* **WHAT TO WORK ON**: Please return the data that follows precisely as written, but without the images.

* **GIVEN INFORMATION**:
^^^^^^^^^^^^^^^^

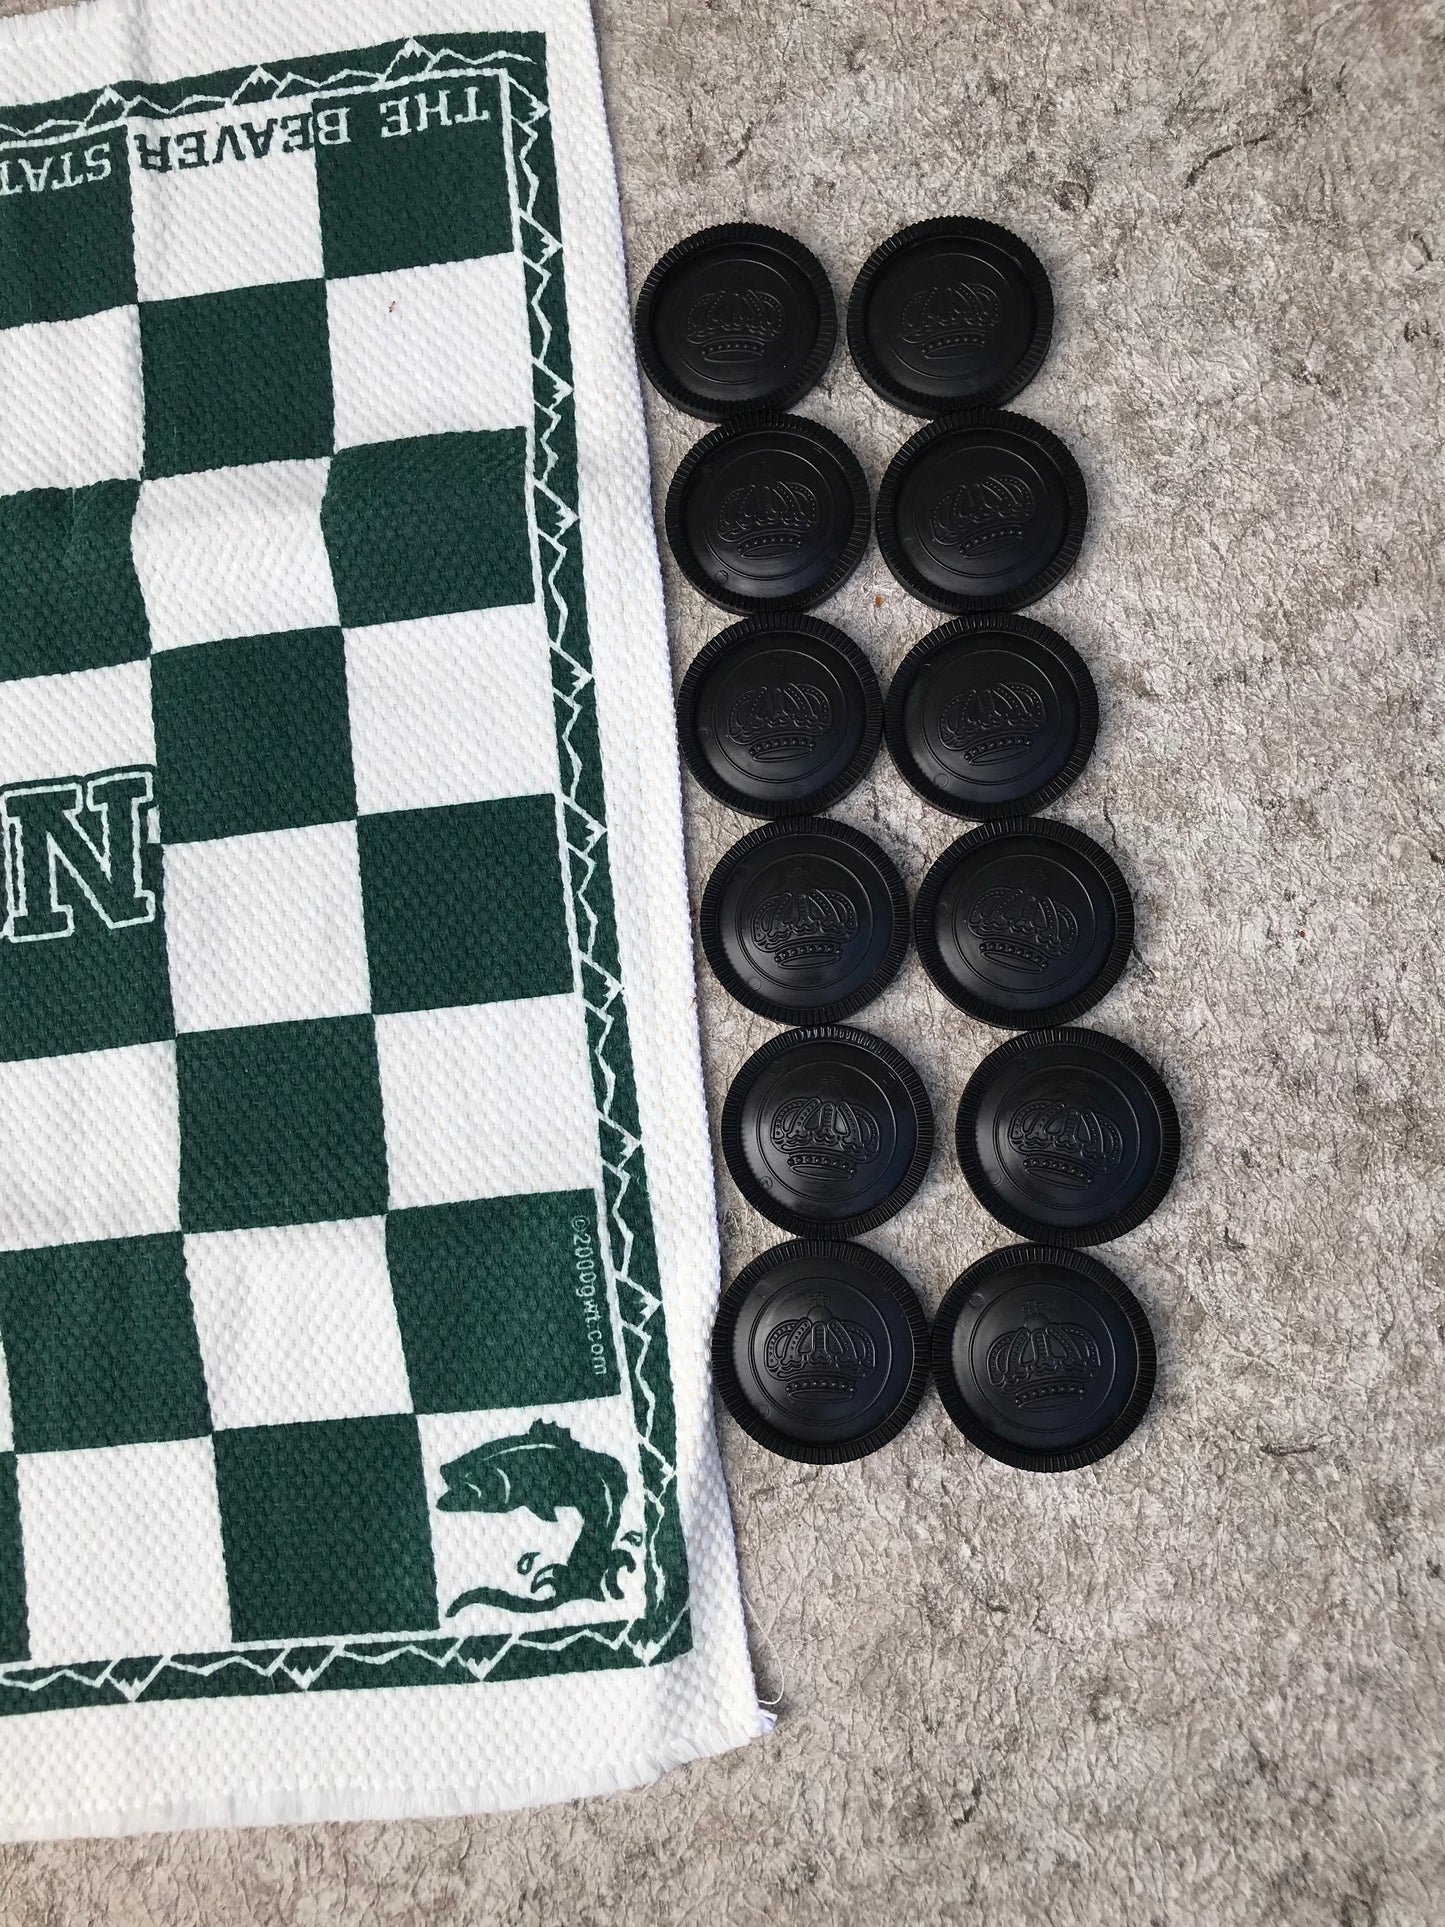 Y Game Giant Checkers As New Complete 28x28" Huge Indoor Outoor Fun
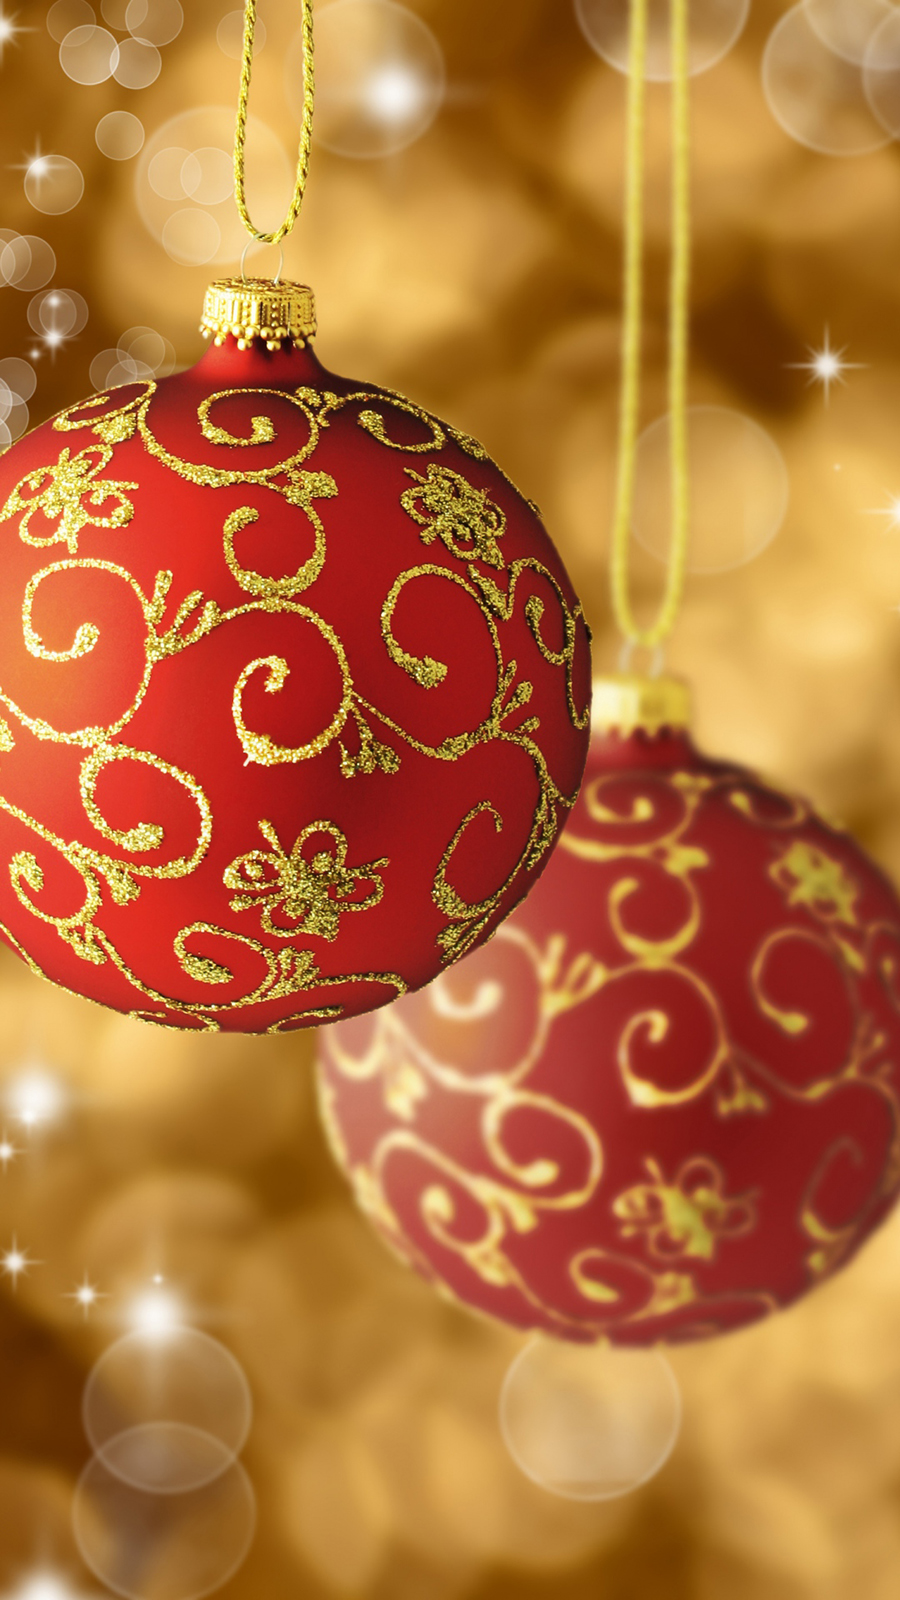 Red Gold Christmas Balls Tree Decorations Android Wallpaper
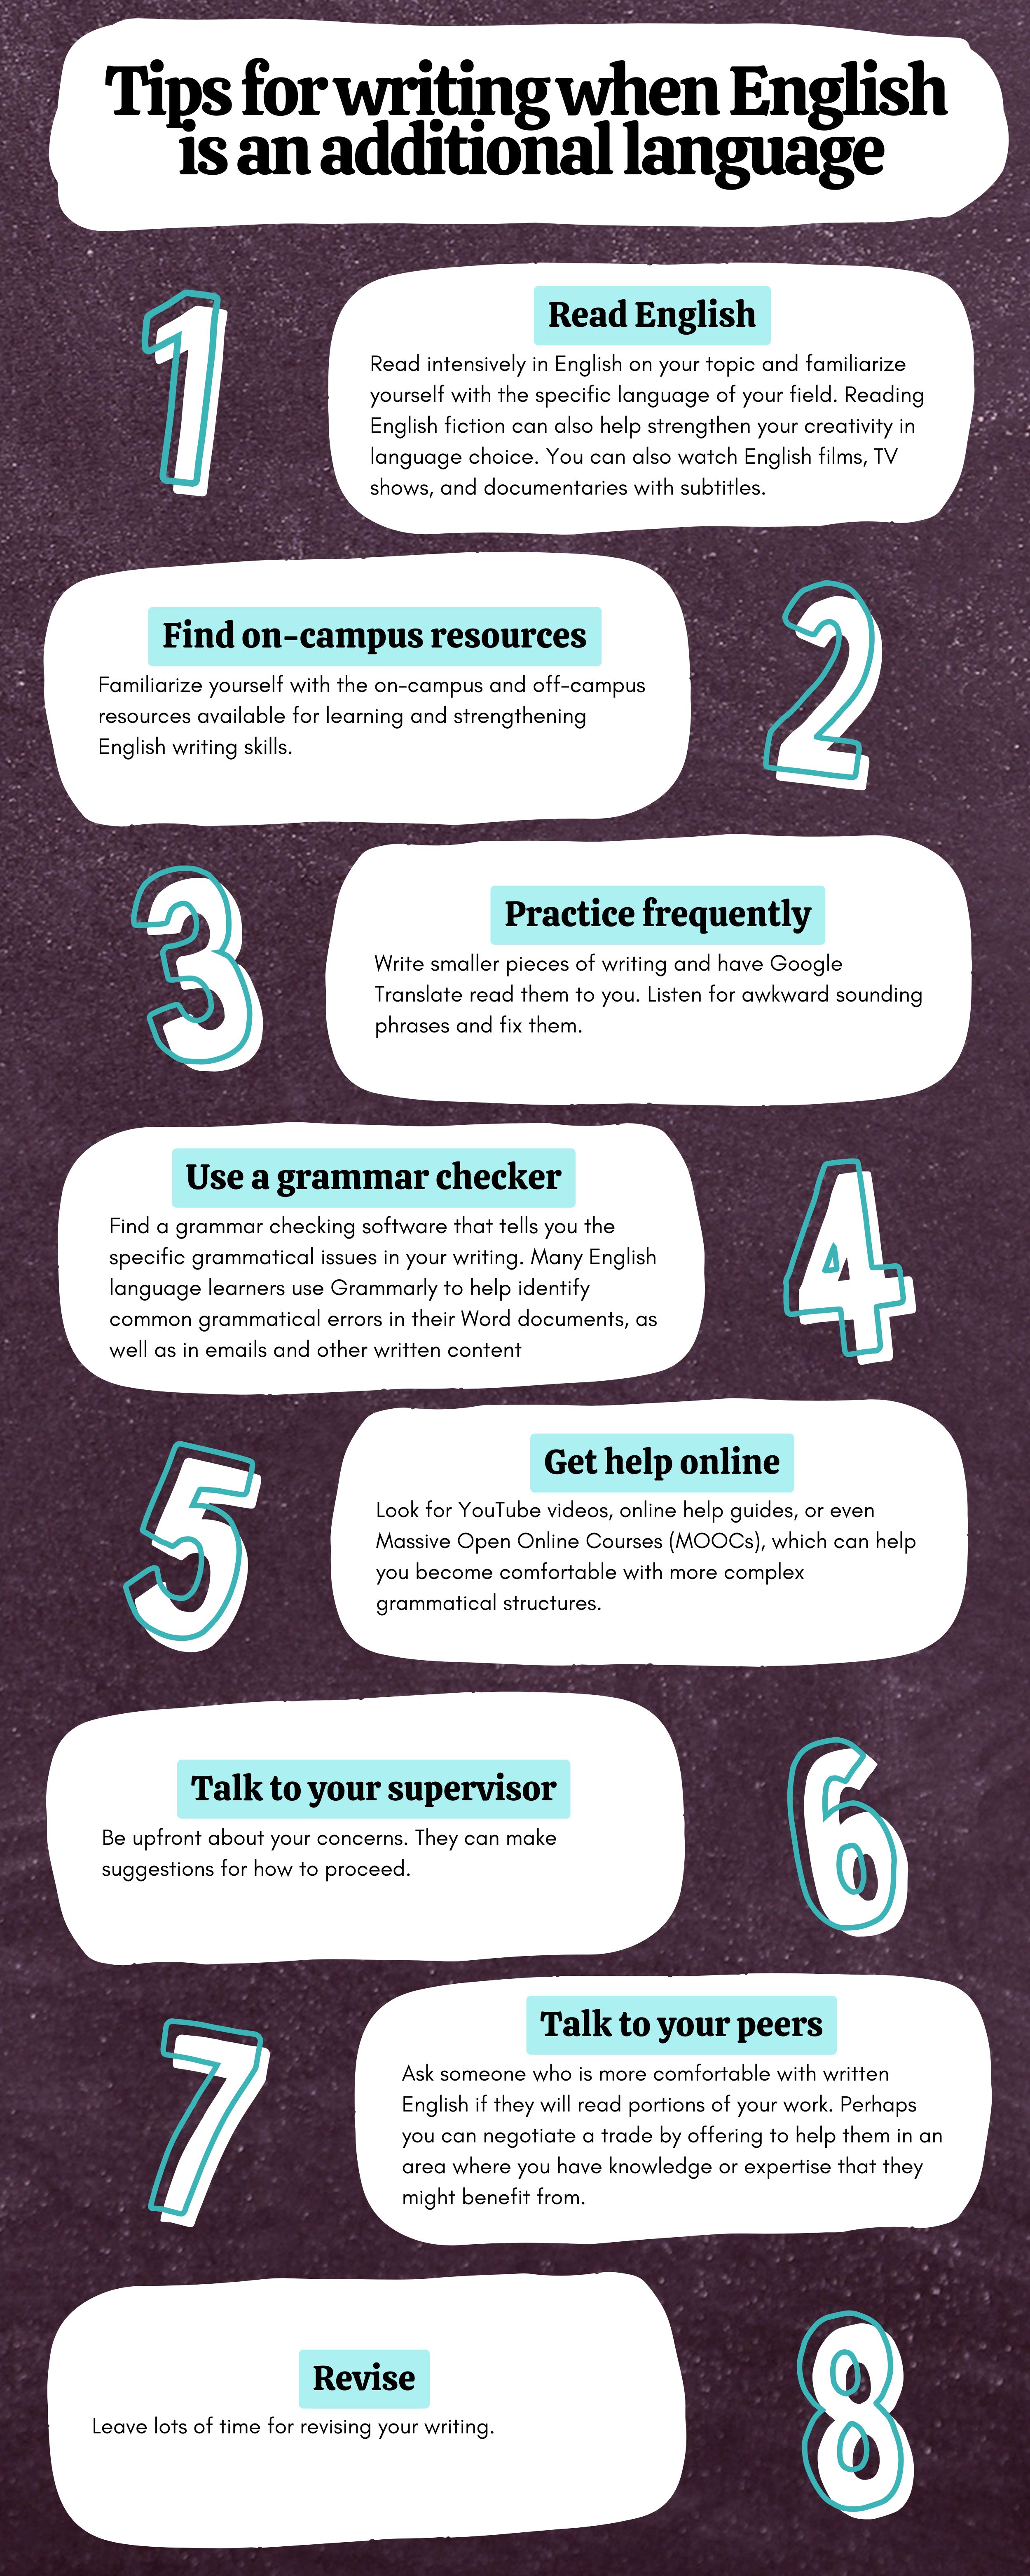 Poster highlighting eight suggestions for writing when English is an additional language with text description below.

^^^^^^^^^^^^^^^^

* **TASK RESPONSE**:
 Y Game Giant Checkers As New Complete 28x28" Huge Indoor Outoor Fun
 Red Gold Christmas Balls Tree Decorations Android Wallpaper
 Poster highlighting eight suggestions for writing when English is an additional language with text description below.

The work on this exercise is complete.